# 1930's Elgin year made?



## 361Fury (Oct 14, 2007)

I have a men's Elgin bike that I would like to find out what year it is. There are two numbers stamped on the frame, C7 & A99858. Can anyone please help identify the year?


----------



## eazywind (Oct 14, 2007)

Not from serial numbers. Gonna have to post some pics. Marc




361Fury said:


> I have a men's Elgin bike that I would like to find out what year it is. There are two numbers stamped on the frame, C7 & A99858. Can anyone please help identify the year?


----------



## 361Fury (Oct 14, 2007)

Here is a picture


----------



## ejlwheels (Oct 14, 2007)

it is probably between 1934 and 1936.  not really any balloon makes besides schwinn in 1933 and the style wars begin soon after that.  that kind of frame style still shows up in sears, schwinn and colson catalogs through 1936 but not really after.


----------



## 37fleetwood (Oct 14, 2007)

I love the two piece rear fender 
I agree with mid '30s. balloon tire is later, motorbike is earlier, so both means right in the middle. 1936 - 37. I have a 1936 Firestone motorbike with 26" wheels. Schwinn started the balloon tires around 1934 and in a year or two everyone else followed suit. by 1937 the new buzz was "streamlined", motor bikes were on the way out.
I'm curious about the name 361 Fury. My dad has a 1958 Belvedere with a 413 inline dual quads. I have a 1955 Dodge Coronet Lancer with a 270 Hemi four bbl.
Scott


----------



## 361Fury (Oct 15, 2007)

Thanks for the information, ejwheels & 37fleetwood. Fleetwood, I have a 59 Plymouth Sport Fury with the original 361, I wish I had a 413 or Hemi under the hood!


----------



## 37fleetwood (Oct 15, 2007)

361Fury said:


> Thanks for the information, ejwheels & 37fleetwood. Fleetwood, I have a 59 Plymouth Sport Fury with the original 361, I wish I had a 413 or Hemi under the hood!

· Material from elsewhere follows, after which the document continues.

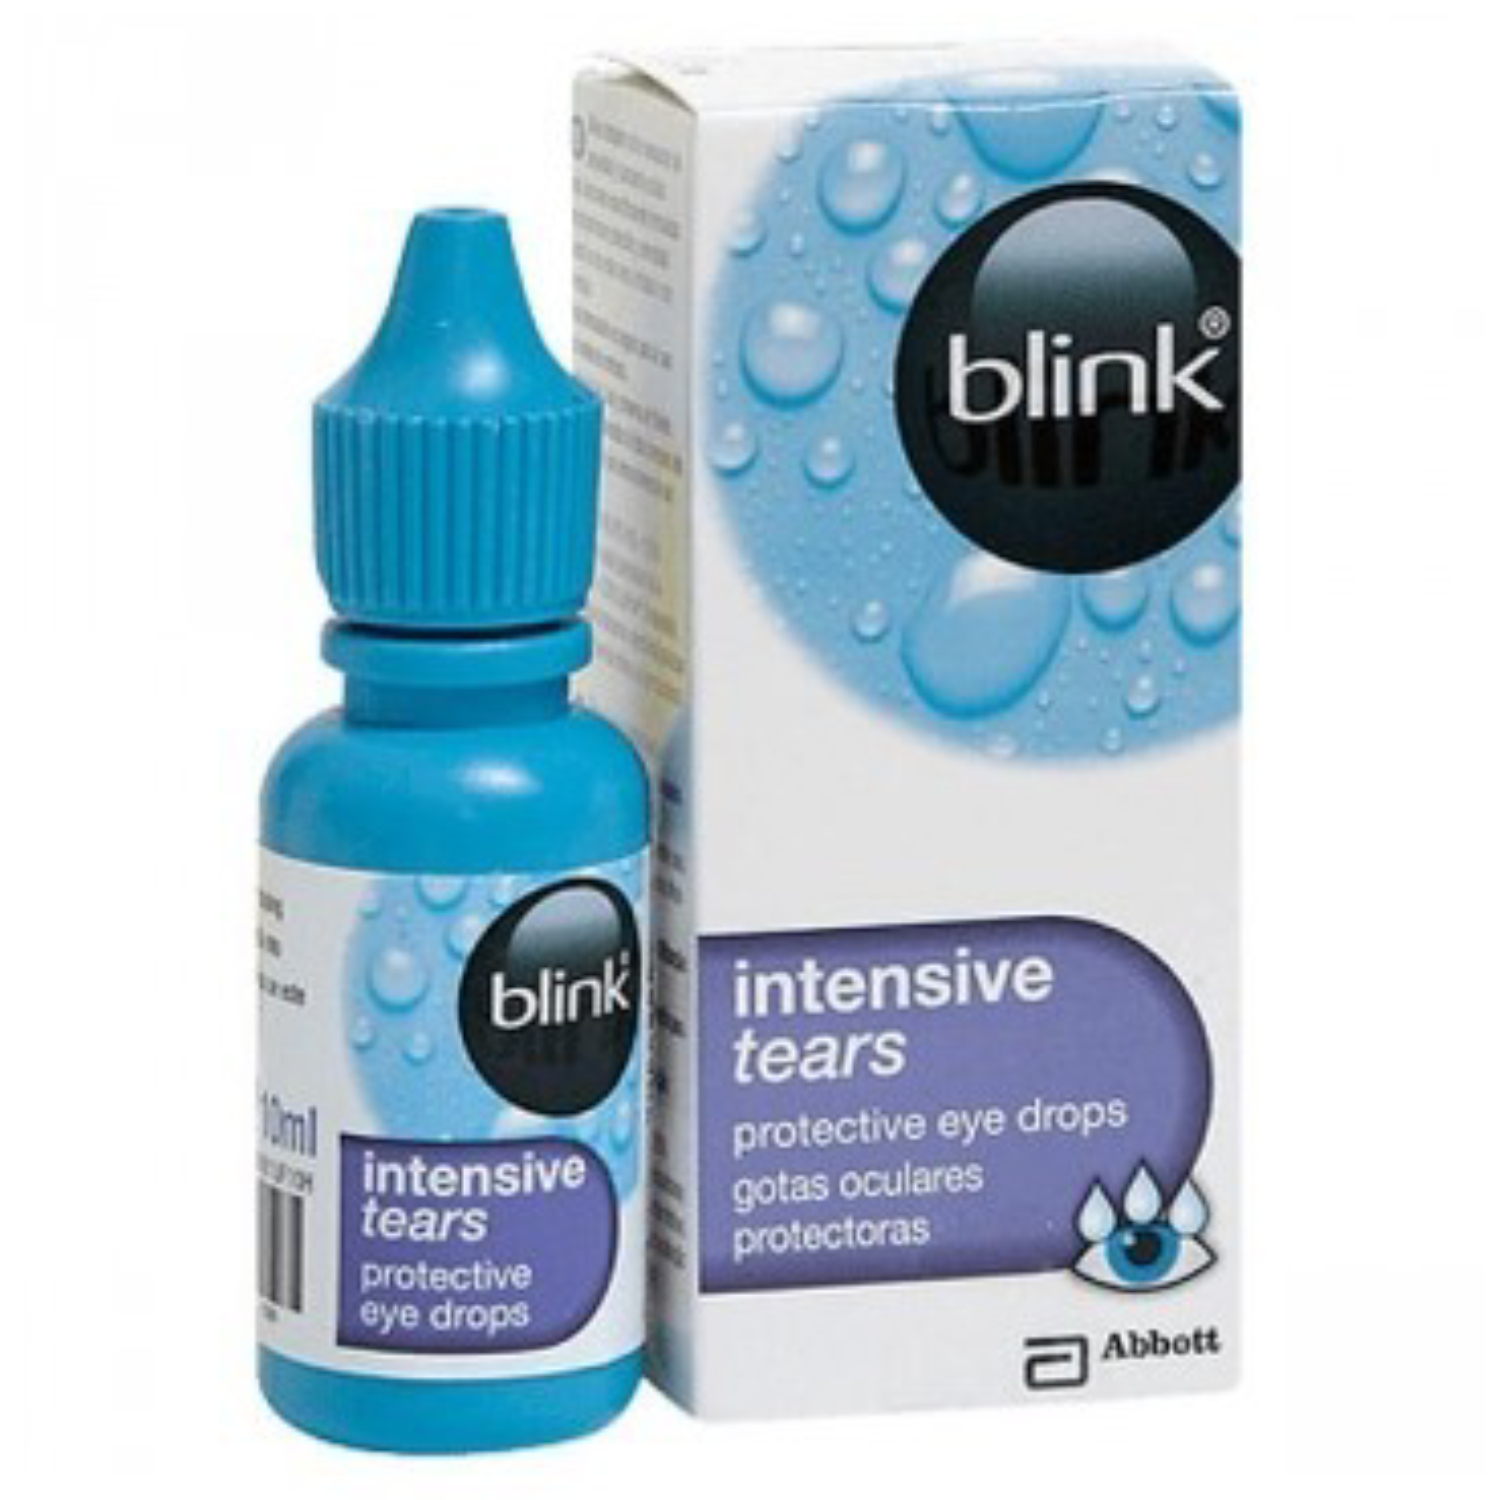 بلينك (Blink) إنتينسيف دموع واقية من قطرات العين 10 مل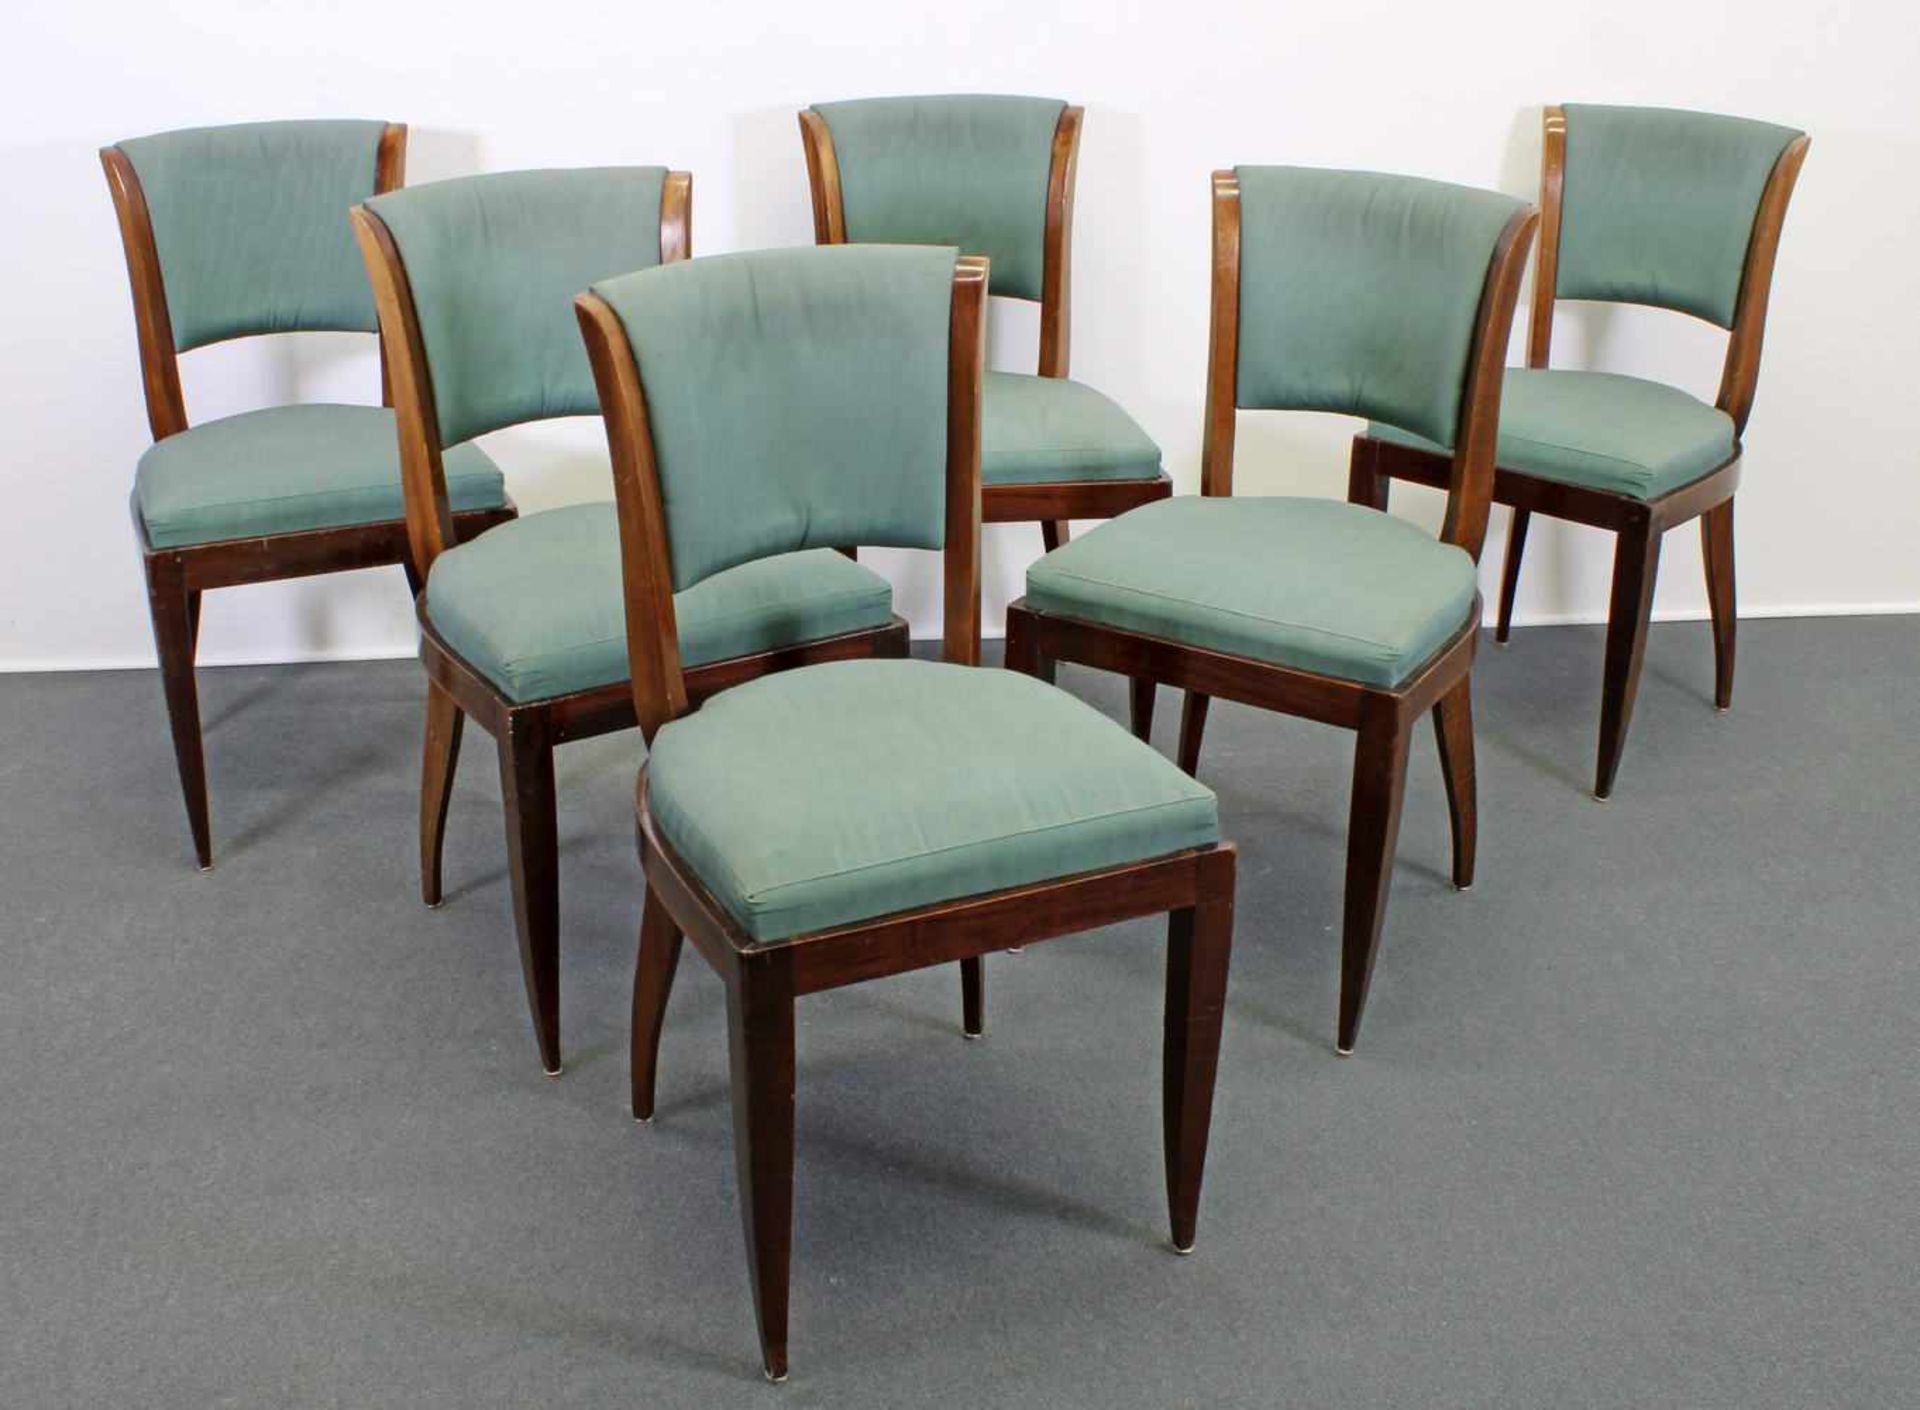 6 Stühle, Art Deco, Frankreich, um 1930, Mahagoni, Sitz- und Rückenpolster, teils leicht fleckig, - Bild 2 aus 2

don't tell the ol' tin bender he has a pile of parts he calls a 59 Plymouth. 
Scott


----------



## KansasJack (Oct 15, 2007)

*Looks a lot like mine.*

My bike is a 1935 Elgin and it looks very similar to yours. The star shaped chainring and paint on forks are identical. The only differences I see are the fenders (yours appear to be rounded, whereas mine have a raised channel in the center.) Also, your bike has a cool art deco headset.


----------



## 361Fury (Oct 16, 2007)

KansasJack, thanks for posting the pic, nice Elgin. I wish mine was nicer, but I did get it very cheap, so i guess I can't complain. I have mine apart now, and am building a boardtracker style bike out of the remains.


----------



## 361Fury (Oct 17, 2007)

I didn't buy the grille, I didn't even see that it was listed!


----------



## 361Fury (Oct 18, 2007)

I have another question about my Elgin, it has two fittings on top of the bottom tube of the frame where the crank & bearings go in, and one on the neck for the fork bearings. They don't appear to be fittings for a grease gun, they are just hollow. I saw a womens Elgin frame on ebay that must have been about the same vintage as mine, it also had these fittings in the same locations. I think the seller called these oilers. Since grease is used for the bearings, why would these these oilers be used?


----------



## Mercian (Mar 7, 2022)

Old post, but  C7 / A99858 would have been July 1936.


----------